Wednesday, November 28, 2012
Most people are probably not surprised to hear that Mississippi is a poor state. We routinely are on or near the bottom in every economic indicator. We are so poor, in fact, that we rely on the federal government to send all sorts of resources into our state--even as both U.S. senators and most of our representatives talk a good game about being against the federal taxes that pay for all that pork. It's anti-tax rhetoric with irony dripping all over it.
But what most people may not know is that while the poor are getting poorer in Mississippi--in no small part due to the loss of so many manufacturing jobs in recent decades--the rich are getting richer. The gap between the rich and poor in the state has widened dramatically over the last decade.
In last week's issue, we reported findings by the Center on Budget and Policy Priorities in its study "Pulling Apart: A State-by-State Analysis of Income Trends." It showed that, even through the recent recession, the richest 20 percent of Mississippians have gotten richer--their income increased 19.1 percent. At the same time, middle-class Mississippians' income dropped 5.4 percent, and the poorest 20 percent fell 17.3 percent (even as many vote to help the rich get richer).
These are jarring numbers--and they should give every one of us pause.
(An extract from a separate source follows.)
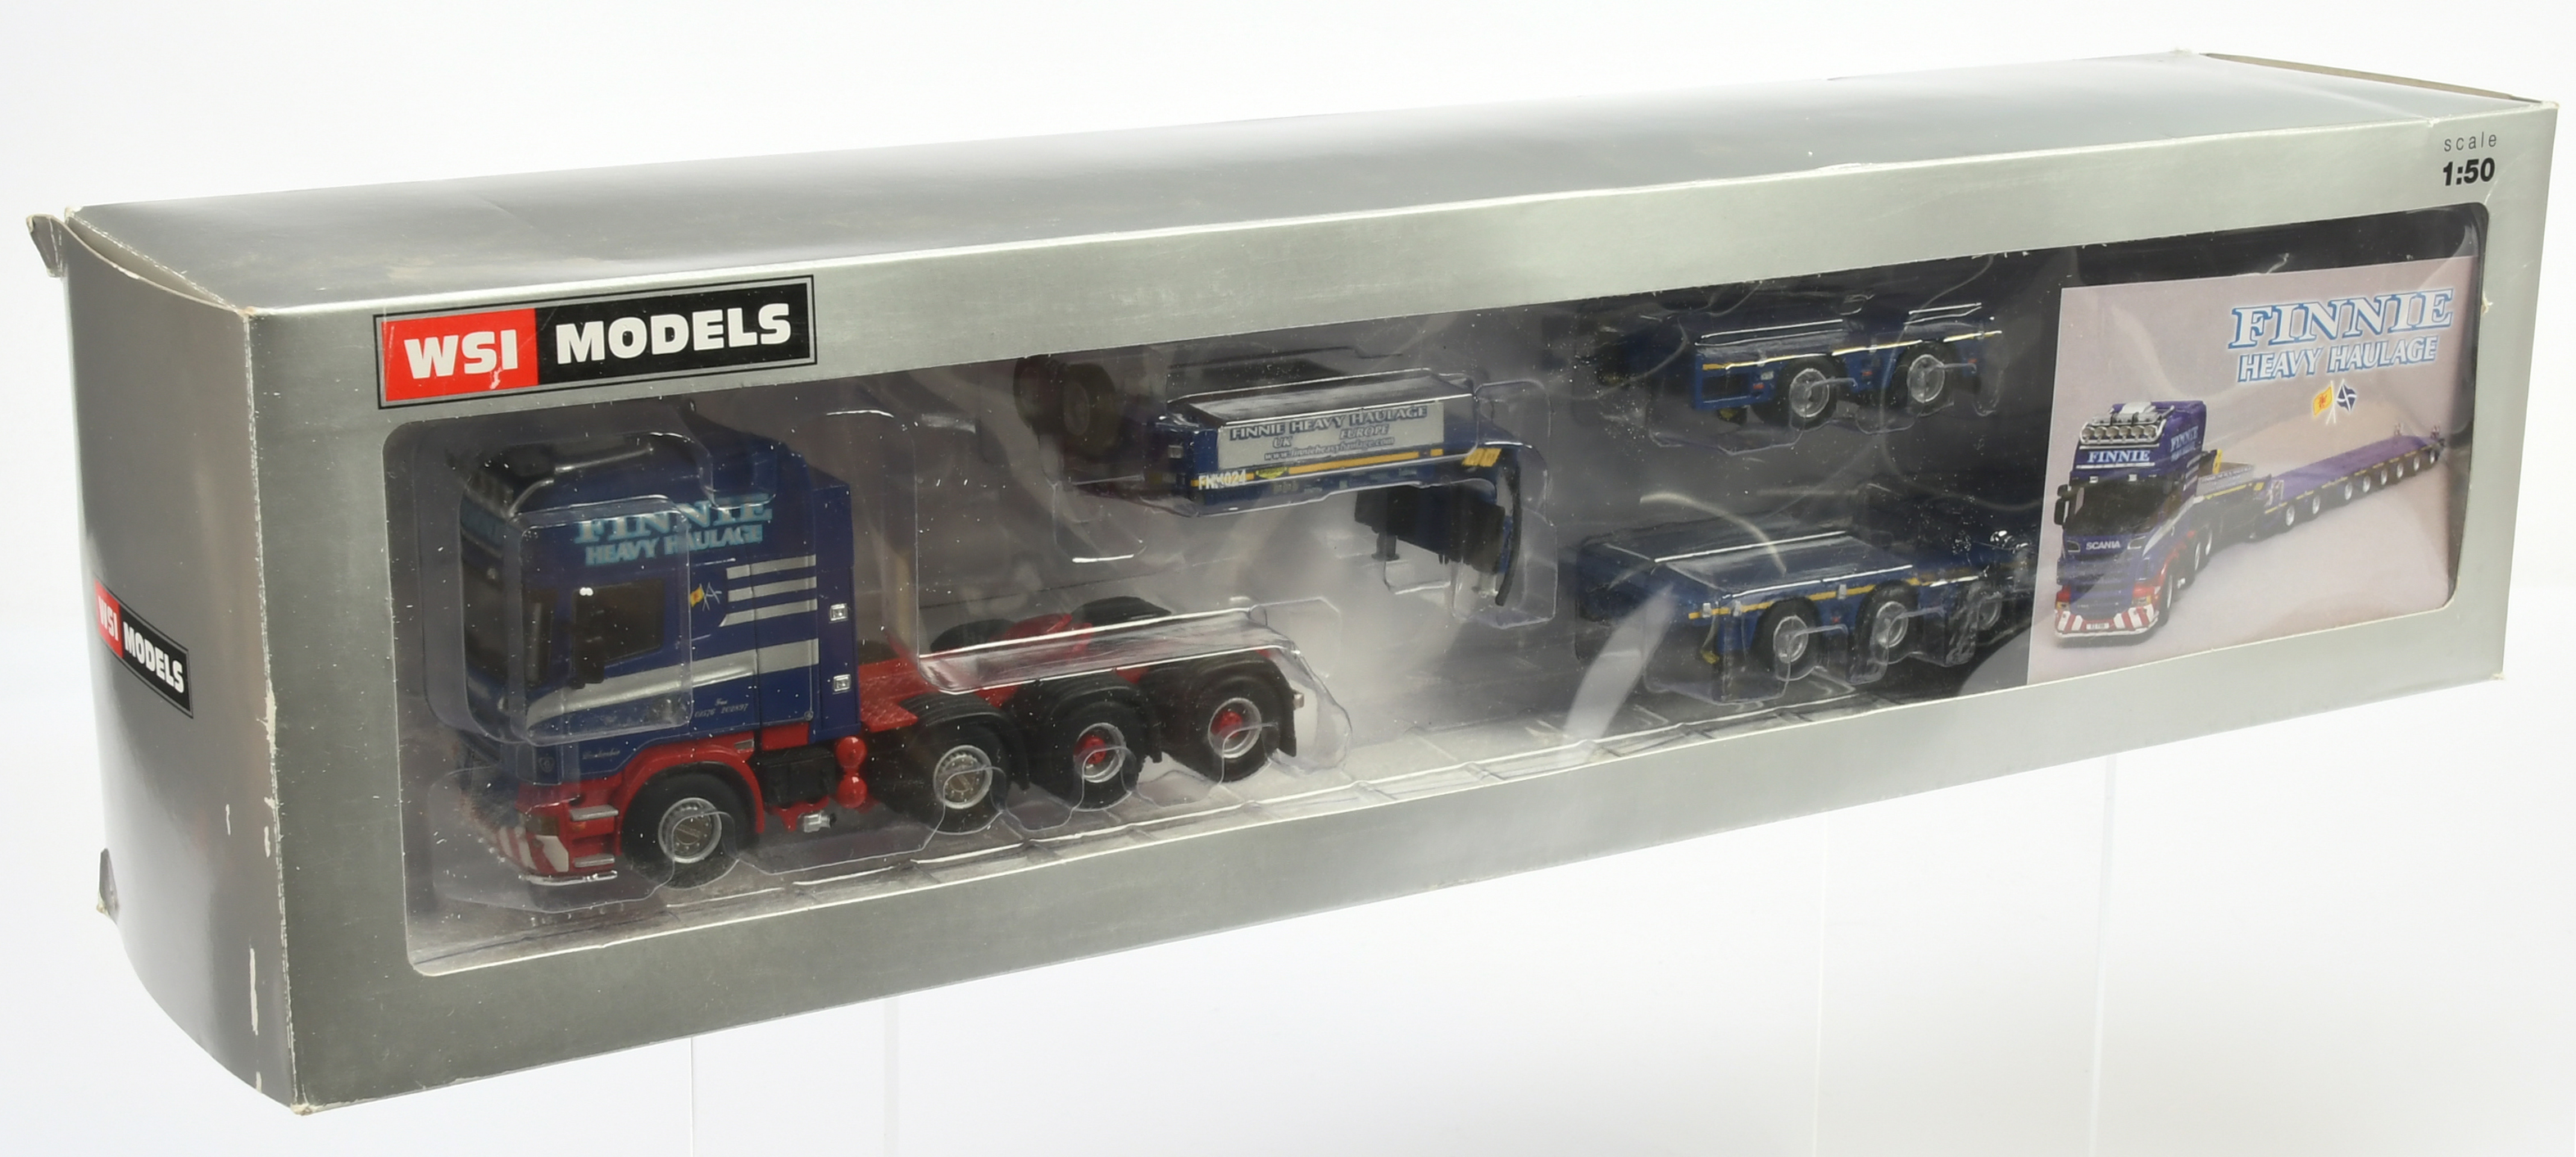 WSI Models (1/50th) 02-1674 Scania R6 Topline "Alan Finnie" - Blue, red and yellow  with certific...
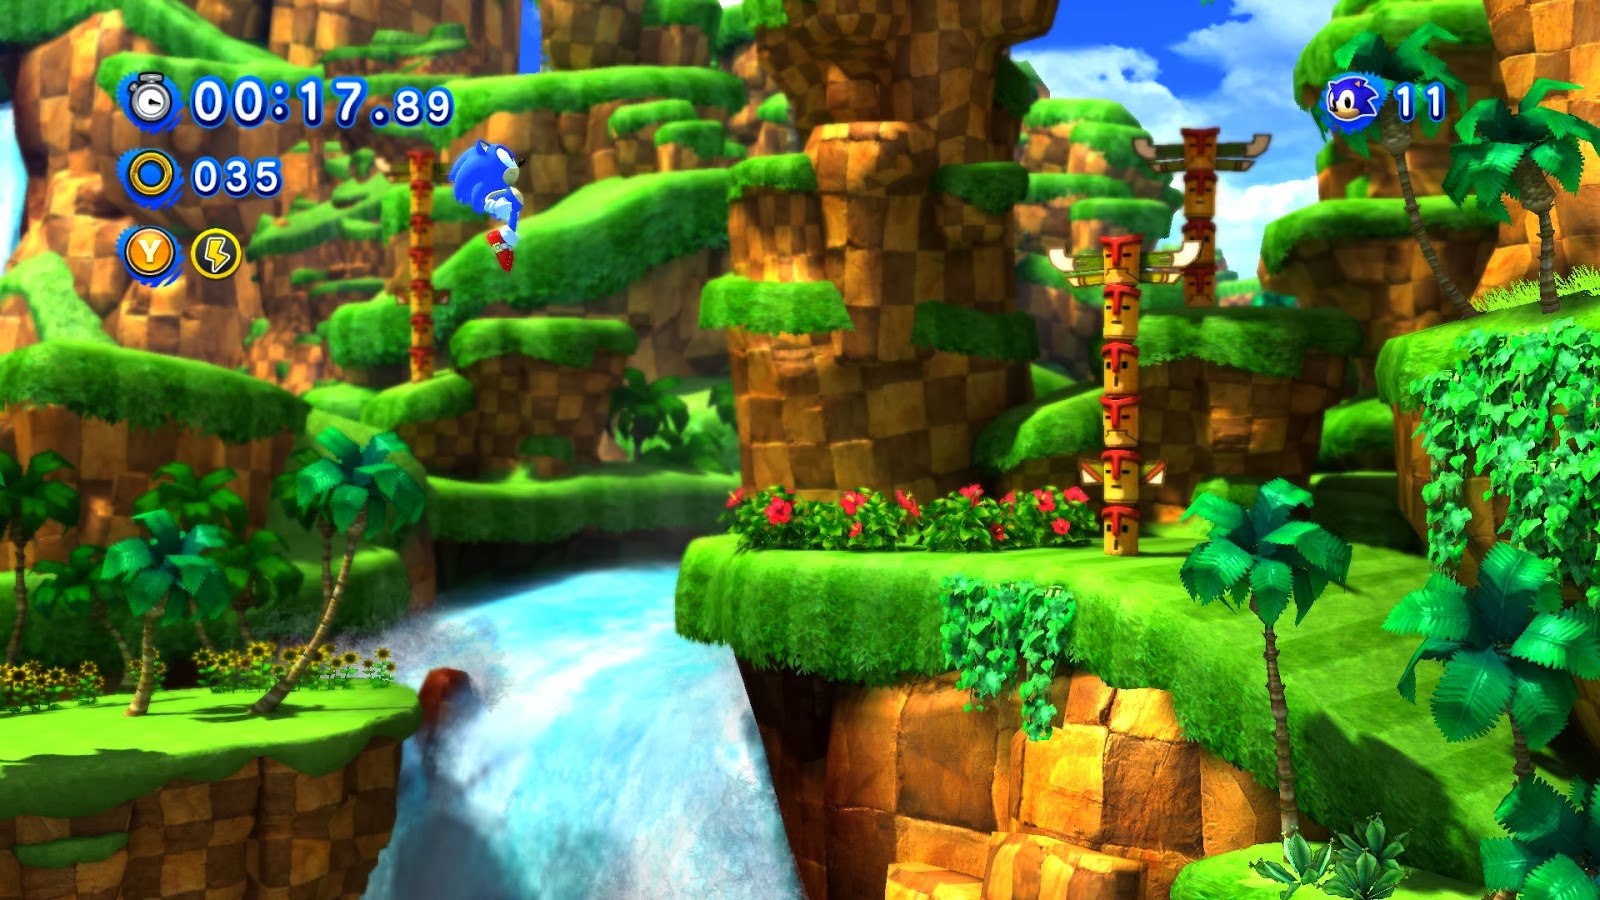 Download Sonic Generations Pc Full Version Free Highly Compressed

We know that times are tough in America, especially since the great crash of 2008. We know many companies aren't hiring and, in fact, are laying off. We know that corporations are moving jobs overseas. We know that we have two wars to pay for even as the wealthiest Americans have enjoyed a tax cut that has not helped with job creation, which was the excuse for it.
But to sit in the poorest state and watch our wealthiest 20 percent get richer while our middle-class and poor residents suffer? This is unconscionable, even if you're one of the lucky ones whose income has increased while your neighbors' or your workers' income has shrunk.
Even if that doesn't concern you morally, it should make you worry societally. The growing income gap in American, which is at emergency levels in Mississippi, hurts the entire state. It damages social cohesion, it increases the incidence of crime, and it makes it harder for hard-working people to lift themselves out of poverty. It even means, as the report warned, that hard work isn't valued because people can't make ends meet.
Not to mention, many of the people on the wrong end of this gap can't afford health care. They don't (yet) have insurance coverage and, even if they do, they can barely afford the multiple bills you get simply due to having a twisted ankle examined. People who can't get medical and preventive care are most likely to stay poor. That might mean cheap labor for all the people on the winning end of this gap, but it doesn't make for a strong work force, and the resulting high turnover hurts any business.
The first question to ask yourself this holiday season is whether you care about this widening gap. Do you care enough to demand that Mississippi's leaders start supporting policies to help more than the richest 20 percent? Do you care enough to support an intelligent tax increase on the wealthiest to pay for wars most of them wanted (and many benefitted from) as well as education and training that helps people lift themselves out of poverty?
Do you care enough to "be in solidarity with the poor," as Proverbs 14:31 demands?
Please ponder carefully; it matters.